A deeper understanding of how the relationships between impulsivity, reward systems and executive function deficits may be similar or different in attention-deficit/hyperactivity disorder (ADHD) and pediatric bipolar disorder (PBD) is fundamental for better defining phenotypy in these two developmental illnesses, and moving towards improved treatment and intervention. We focus our article on recent neurocognitive and neuroimaging data examining the behavioral and neural aspects of poor behavior regulation, response inhibition and reward systems in ADHD and PBD. In light of recent research evidence, we propose that the common behavioral manifestations of impulsivity in ADHD and PBD may indeed originate from different neural mechanisms mediated by altered reward systems.
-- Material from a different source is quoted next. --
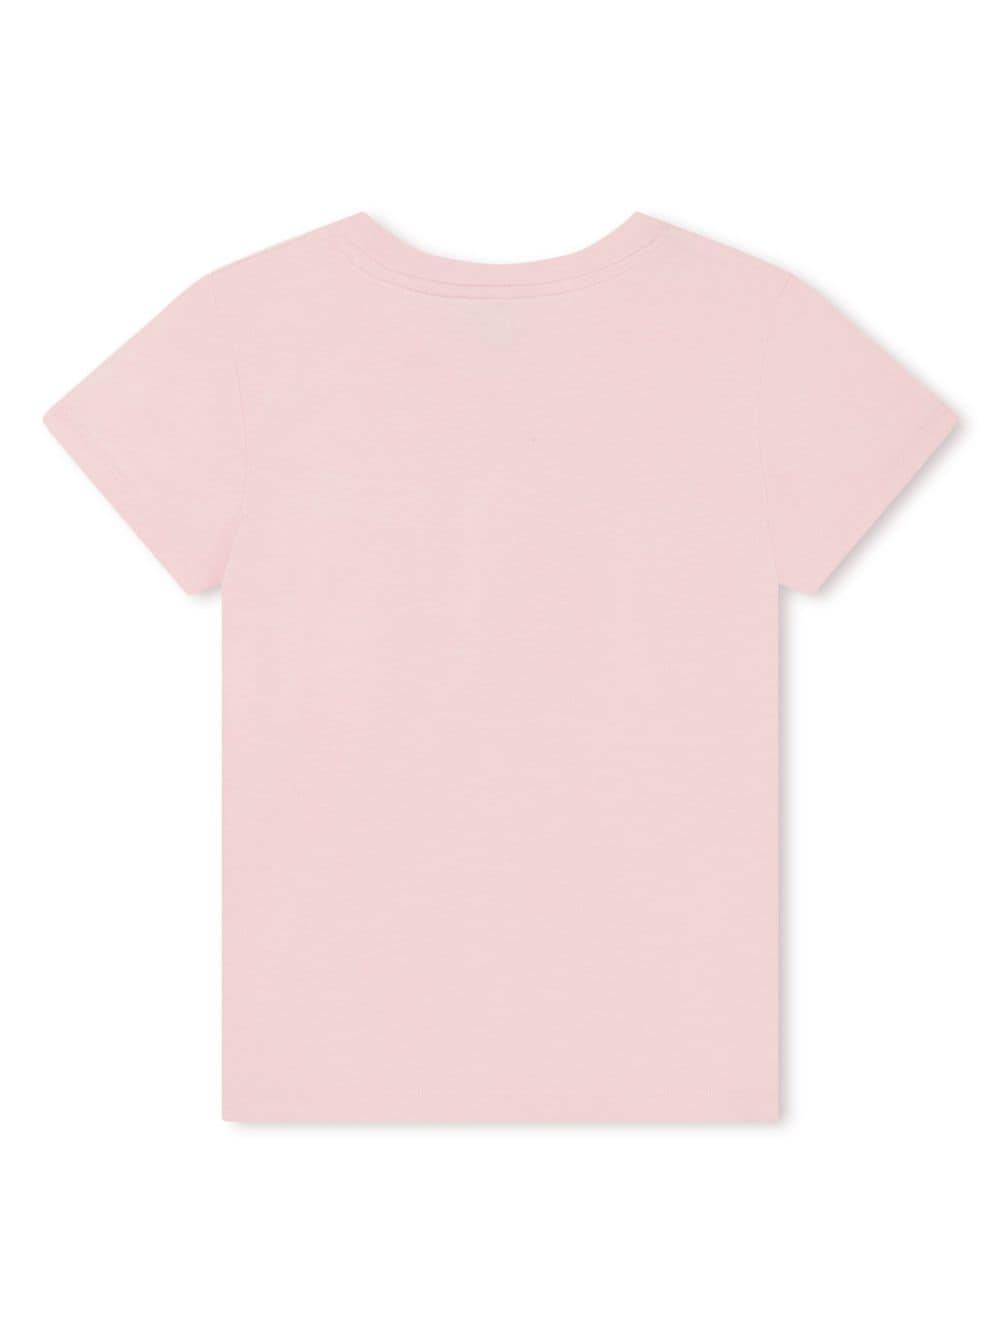 Pink t-shirt for girls with gold logo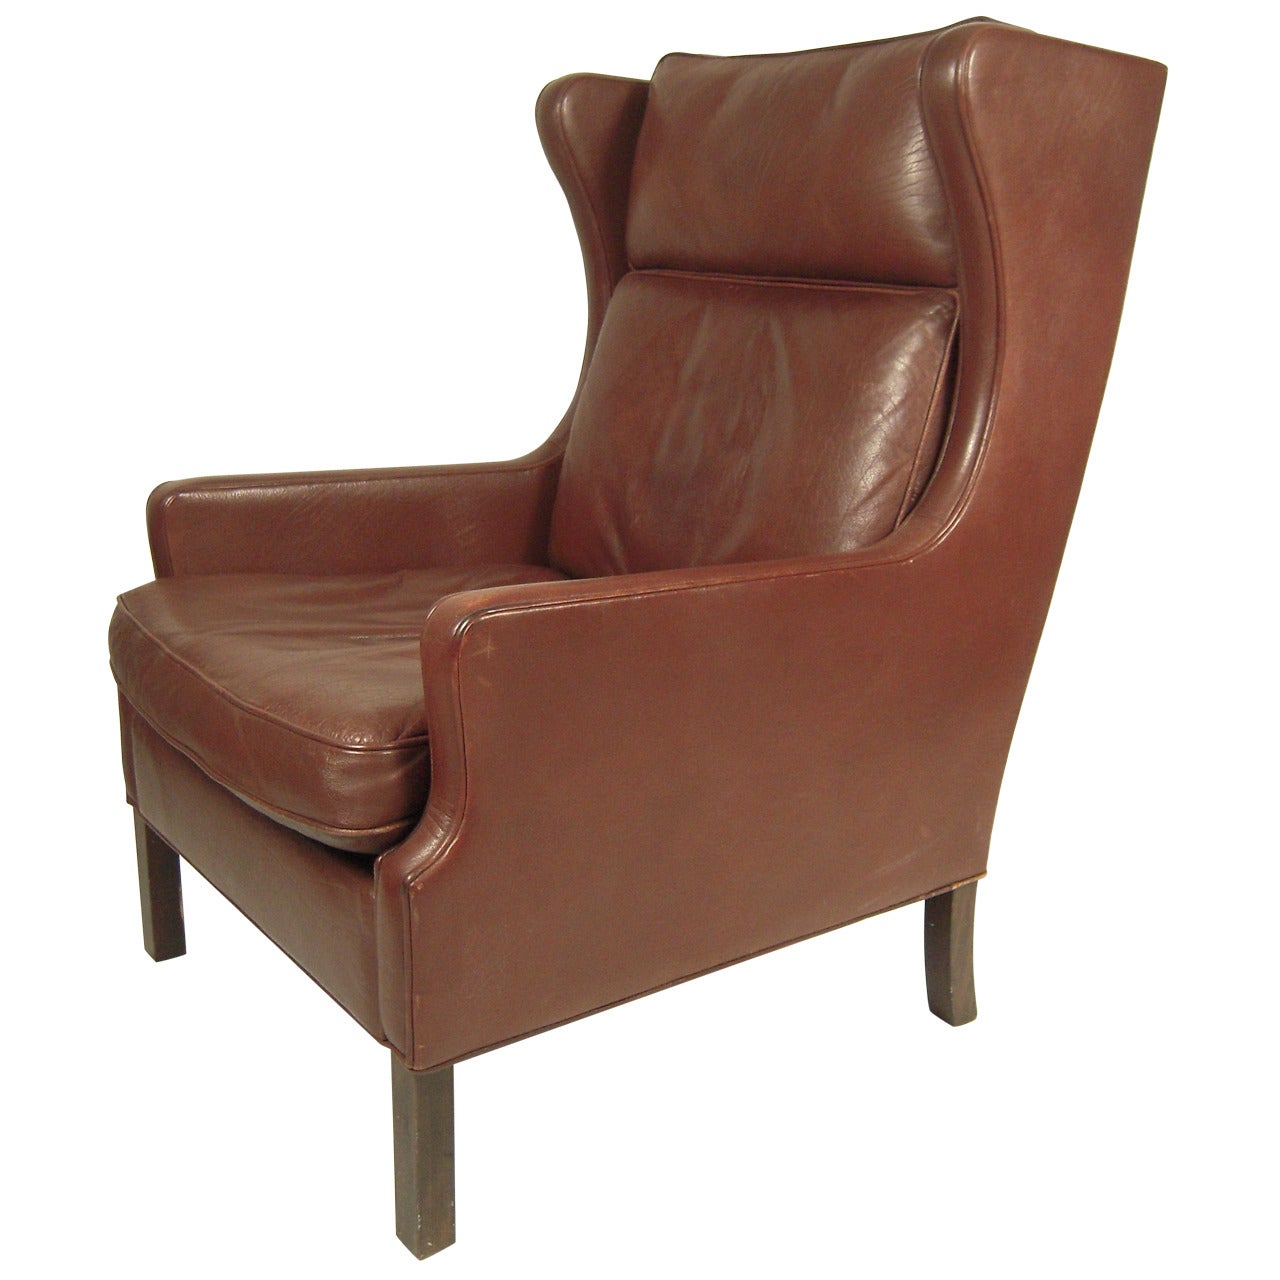 Vintage Danish Mid Century Leather Wingback Chair

In order to define and differentiate these mechanisms, unlike previous approaches, our theoretical model examines the interface of the dorsal frontostriatal circuit, involved in behavior regulation, and the ventral frontostriatal circuit, which is involved in reward-related and affect processes. Preliminary evidence suggests that the neural systems involved in impulsivity, reward systems and executive function engage differently in the two illnesses. In PBD, 'emotional impulsivity' is predominantly 'bottom-up' and emotionally/motivationally driven, and stems from ventral frontostriatal circuitry dysfunction. By contrast, in ADHD 'cognitive impulsivity' is predominantly 'top-down' and more 'cognitively driven', and stems from dorsal frontostriatal dysfunction. We discuss this evidence in view of clinically relevant questions and implications for illness-based intervention. We conclude that the reward-related mechanisms underlying the interactions between executive function, behavior regulation and impulsivity in PBD and ADHD may be differentially compromised, and in accordance differently shape the clinical symptoms of impulsivity and goal-directed behavior.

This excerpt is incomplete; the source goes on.